Human common sense is still a leap beyond anything we’ve seen in the AI/ML space. To describe this, my colleague, Dr. Wilcke at IBM, often uses this question in his speeches. Do clouds pay taxes? This is a very interesting example because every adult will answer this question without any thought or hesitation. Yet I will argue that not a single one was explicitly taught in school or anywhere else that clouds don’t pay taxes. How then is it so easy to answer this question? If we ask this question of any ML engine, it will be unable to answer it with any degree of confidence unless someone has explicitly programmed it as a rule. Indeed, man, from an early age, develops a model of the world through learning and above all through observation.
Another vitally important difference is the temporal (or sequential) aspect of how we learn. A child can easily recite the English alphabet from A to Z but if we ask a question like “what comes before U?”, for example, the child will have to try to repeat parts of the sequence to find the answer. The same goes for the lyrics of a song. You will begin to see that much of our learning is tied to sequences in time or space indicating an entirely different learning process.
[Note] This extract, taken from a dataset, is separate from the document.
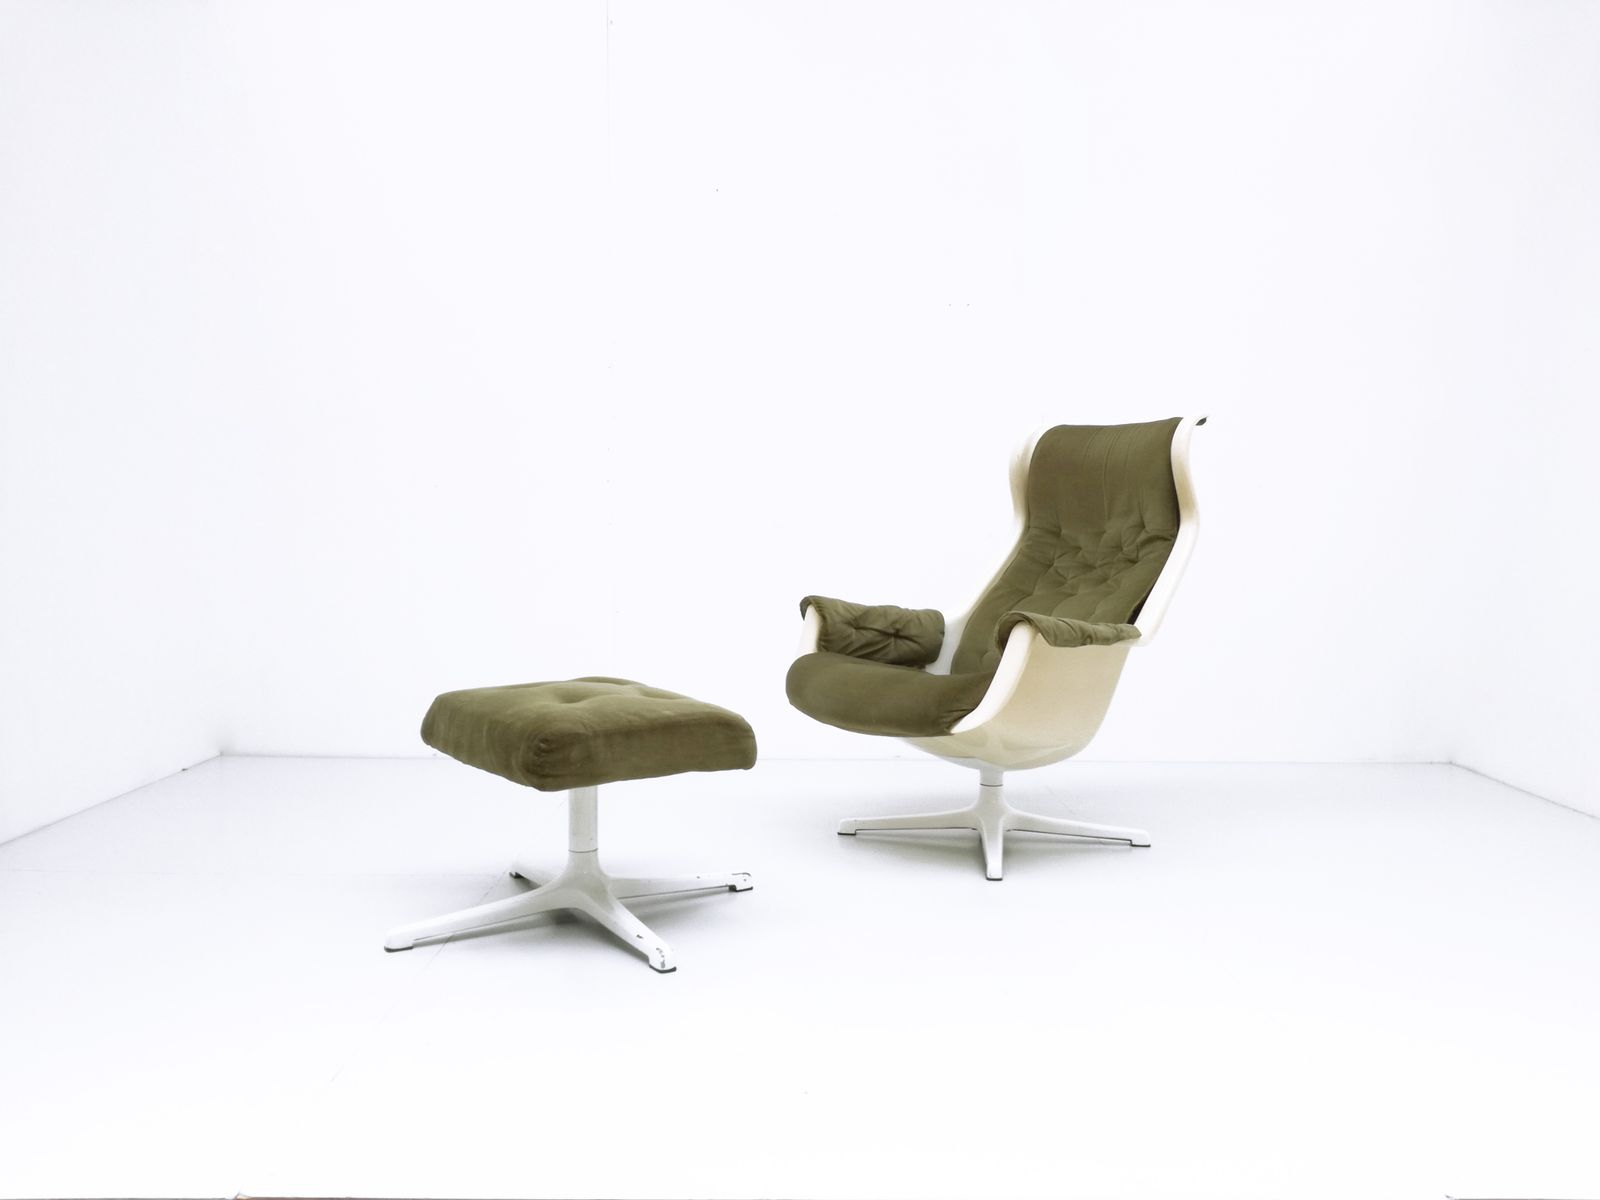 Vintage Galaxy Chair & Ottoman by Alf Svensson & Yngve Sanström

Much of the work today still involves neural networks due to the immediate monetization potential. There have been advancements in moving from narrow AI to broader AI with the evolution of transfer learning and ad hoc learning and many more, but none of them come close to convincing way of common sense.
So, in summary, can these neural networks, over time, achieve this broader inference capability or will it take an entirely different architecture to learn and use common sense. This is an ongoing debate and time will tell. The fact will remain that neural networks need far too much power to learn to compete with the 20 watt human brain.